そして、手を放して振り返った彼の表情はいつも通りの柔和な薄笑いだった。
「……さて。では今日はお暇します。妻を連れてくるのは明日でよろしいですか? もちろん、履歴書は持参します」
「あー、はい。お願いします」
帰宅する彼を見送る。玄関のドアが閉まる音を聞いて、一同胸をなでおろす。
「藤ヶ谷さんにとって嫁さんはウルトラ大事。みんな、覚えたな?」
「「「はい……」」」
疲れ気味に返事をする一同。唐突に発生した緊急事態だったからしょうがない。しかしまあ、大きなトラブルになる前に知れてよかった……としよう。うん。何といっても、俺たちの中で最も強いのが彼なのだし。怒らせるポイントが事前に分かるのはいい事だ。
「とはいえ、これでパートの補強もされる。人員的な不安は解消されるな」
あくまで、現在の状況でだが。新人が慣れたら、そろそろ次に向けて動き出そう。そのように決意する。その後、黄田さん経由で連絡しパート二人まとめて面接の流れとなった。
さて、翌日。最近の我々の朝の動きは、このようになってる。六時ごろ、この家に住んでいる俺、勝則、小百合が起床。身支度を整える。そうしていると流たちアパート組がやってくる。

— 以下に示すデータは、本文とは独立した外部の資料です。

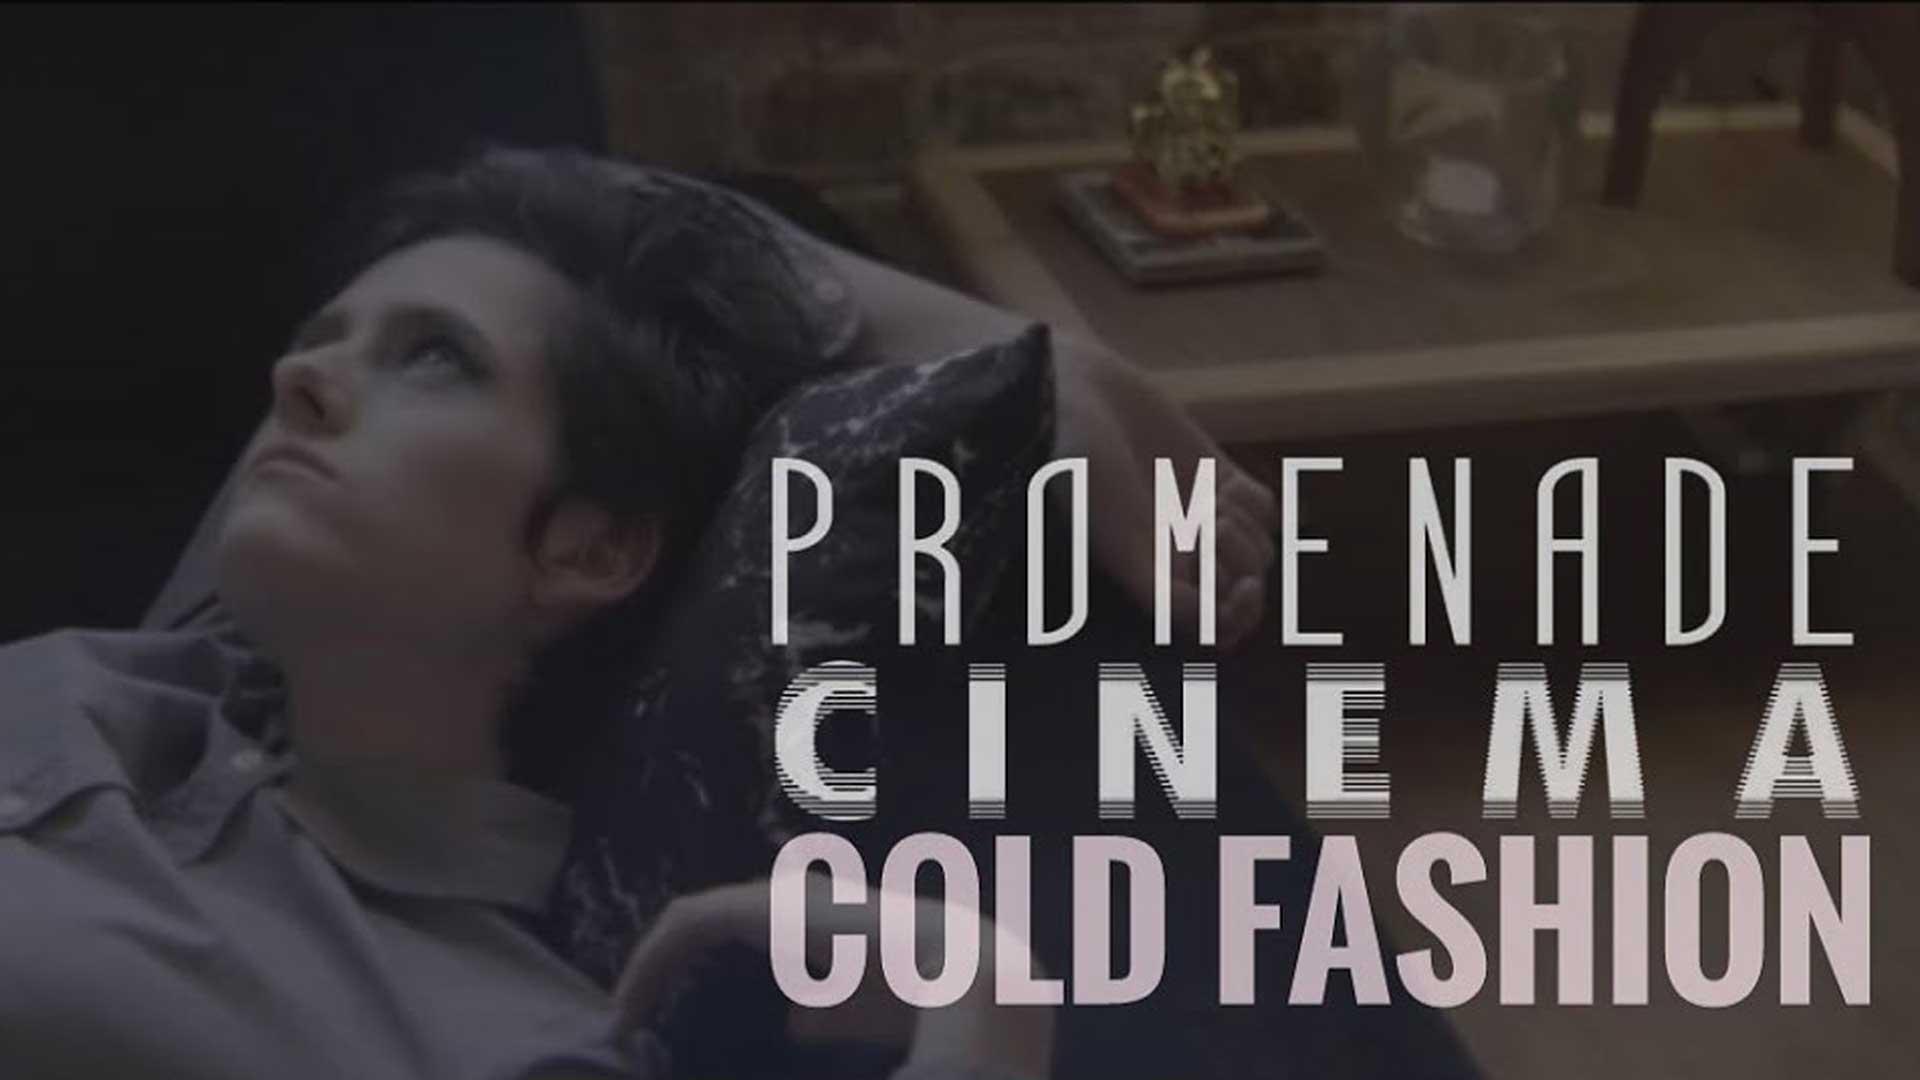 Promenade Cinema - Cold Fashion

男衆+小百合、庭でラジオ体操。そしてランニング。陽子さんは朝食の準備。昨晩の仕込みもあるので、一人でもできる……ように工夫してくれている。
体操が終わったらランニング。夏場なのですでに日差しが強い。息を切らせながら走る。最初の頃は、必要にかられて始めた。デスクワークしてたサラリーマンが、ダンジョンで生き残るには努力が必要だと感じたからだ。
その後、勝則たちも体力が落ちていたので付き合い始めた。今では会社で定めた行程のようになっている。まあ、強制ではない。藤ヶ谷さんは自主練だしな。
一通り走って家に戻り汗をぬぐう。揃った所で朝食をいただく。ほぼ全員、運動部所属の高校生のように食う。
落ち着き、食器を片付けていると一樹さんがやってくる。その隣には、同年代の女性がいた。
「おはようございます。こちら、妻のあかりです」
「おはようございます! 藤ヶ谷あかりです! 今日からよろしくおねがいします!」
おおう……なんという光属性。明るく元気。活発そうで、ショートボブの髪がよく似合う。一樹さんが自慢するのもよく分かる、美貌とスタイル。何だこの二人。物語の主役とヒロインか?
「おはようございます。社長やっております入川です。とりあえず、中へどうぞ」
家の中に通す。……いかん。新しい問題点を発見してしまった。家が、狭い。元々三人家族の住居だ。この人数は想定されていない。今はまだ対処できるが、これ以上は許容オーバーになるな。
抜本的解決は……建て替え? いやもう、家じゃなくて社屋が必要になるのでは? 今すぐには無理だが、今後の課題として考えておく必要がありそうだ。
「おーい、注目。こちら、藤ヶ谷あかりさんだ。みんな、挨拶」
「「「おはようございます」」」
居間にいる一同から挨拶され、あかりさんも元気よく返す。そのパワーに、ちょっと驚いていて面白い。
「今から面接やるから、仕事の準備に入ってくれ」
「ういーす。暑いんでダンジョン降りてていっすか?」
「入口で待ってろよ」
流にくぎを刺しておく。……ダンジョン管理の面からみると、ちょっとグレーかもしれない。ダンジョン管理免許の甲種は俺しか持ってないしな。この際だし、みんなに資格取得を促すか。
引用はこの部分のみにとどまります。